H2 Chemistry 13 - Transition Elements: Ligand Exchange and Colour Changes of Copper(II)

Step 1 - State the problem

Describe and explain the colour changes observed when excess concentrated ammonia is added to an aqueous solution of copper two sulfate.

Step 1 - State the problem

Copper two sulfate solution is pale blue. When dilute ammonia is first added, a pale blue precipitate forms.

Step 1 - State the problem

When excess concentrated ammonia is added, the precipitate dissolves to give a deep blue solution.

Step 1 - State the problem

We need to explain each observation using ligand exchange reactions.

Step 2 - Initial reaction: formation of copper(II) hydroxide

When a small amount of ammonia is added, the ammonia acts as a base.

Step 2 - Initial reaction: formation of copper(II) hydroxide

The hydroxide ions from the ammonia solution react with the hexaaquacopper two ion to form copper two hydroxide, a pale blue precipitate.

Step 2 - Initial reaction: formation of copper(II) hydroxide

This is a deprotonation reaction: the hydroxide ion removes a proton from a coordinated water ligand.

Step 2 - Initial reaction: formation of copper(II) hydroxide

Two water molecules are replaced by two hydroxide ions.

Step 3 - Excess ammonia: ligand exchange to form tetraamminecopper(II)

When excess concentrated ammonia is added, ammonia molecules act as ligands.

Step 3 - Excess ammonia: ligand exchange to form tetraamminecopper(II)

Four of the six water ligands in the hexaaquacopper two ion are replaced by four ammonia molecules.

Step 3 - Excess ammonia: ligand exchange to form tetraamminecopper(II)

The resulting complex is the tetraamminecopper two ion, which has a deep blue colour.

Step 3 - Excess ammonia: ligand exchange to form tetraamminecopper(II)
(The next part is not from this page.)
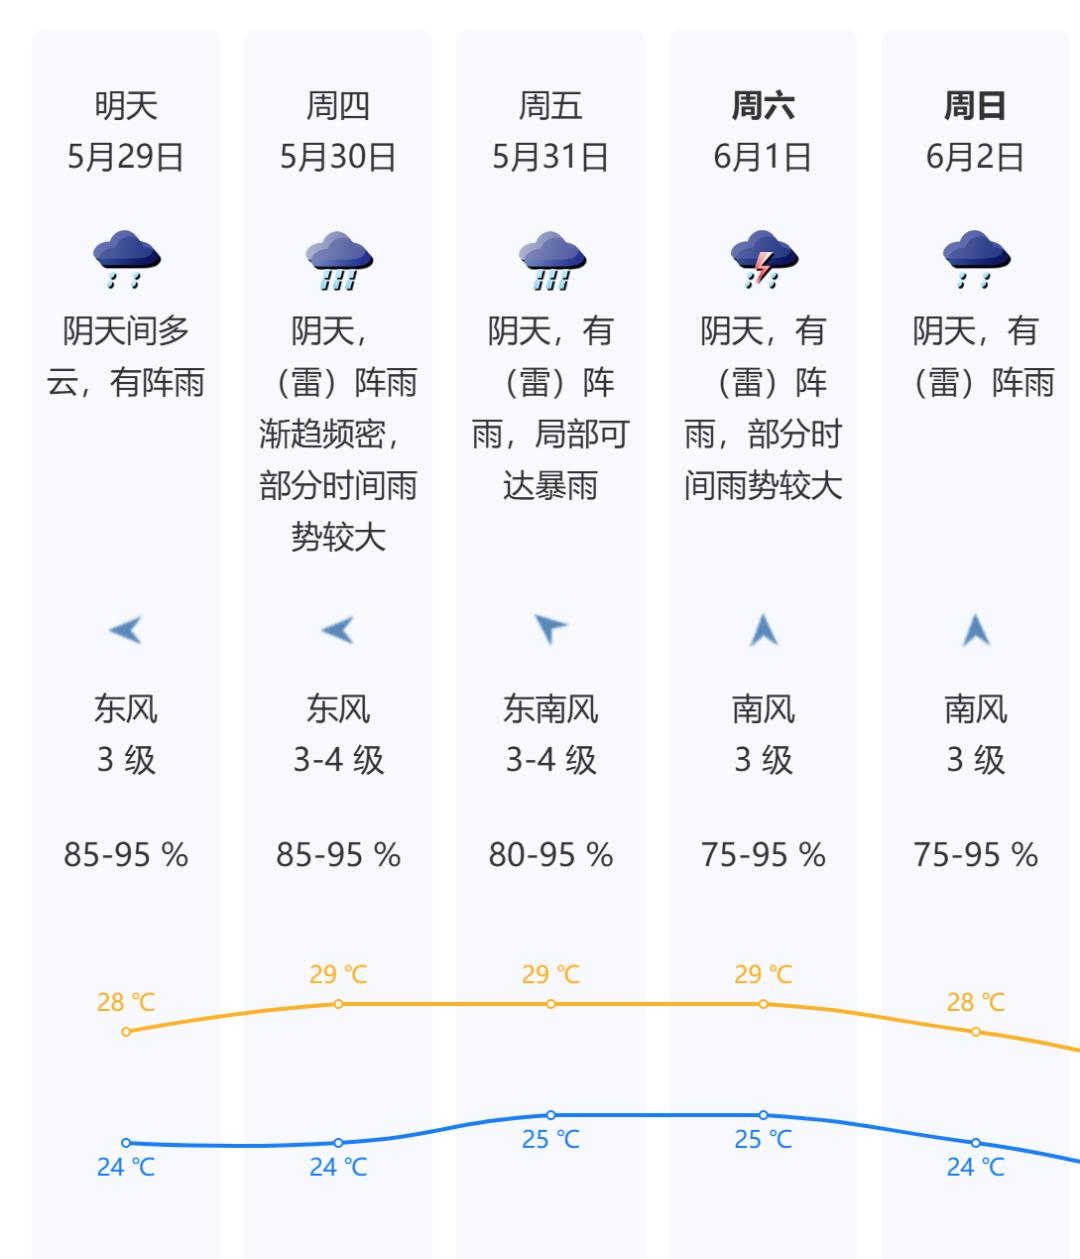 深圳记录到闪电372次!接下来天气

The two remaining water molecules stay in the axial positions. Ammonia is a stronger ligand than water, so this exchange is thermodynamically favourable.

Step 4 - Explain the colour using d - d transitions

Transition metal complexes are coloured because of d to d electronic transitions.

Step 4 - Explain the colour using d - d transitions

In the copper two ion, the three d orbitals are split by the ligand field into two energy levels.

Step 4 - Explain the colour using d - d transitions

When visible light passes through the solution, a photon is absorbed, promoting an electron from the lower energy d orbitals to the higher energy d orbitals.

Step 4 - Explain the colour using d - d transitions

The colour observed is the complementary colour of the light absorbed. Different ligands cause different splitting energies, which is why the colour changes from pale blue to deep blue.

Step 5 - Summarise and common pitfalls

To summarise: adding dilute ammonia gives a pale blue precipitate of copper two hydroxide. Adding excess ammonia causes ligand exchange, replacing four water molecules with four ammonia molecules to form the deep blue tetraamminecopper two complex.

Step 5 - Summarise and common pitfalls

Common mistake one: writing six ammonia ligands instead of four. Only four water molecules are replaced in the copper ammonia complex.

Step 5 - Summarise and common pitfalls

Common mistake two: saying the colour is due to electron transfer between ligand and metal. For most transition metal complexes at A-level, the colour arises from d to d transitions, not charge transfer.

Step 5 - Summarise and common pitfalls

Always state the ligand, the coordination number, and link the colour to d orbital splitting.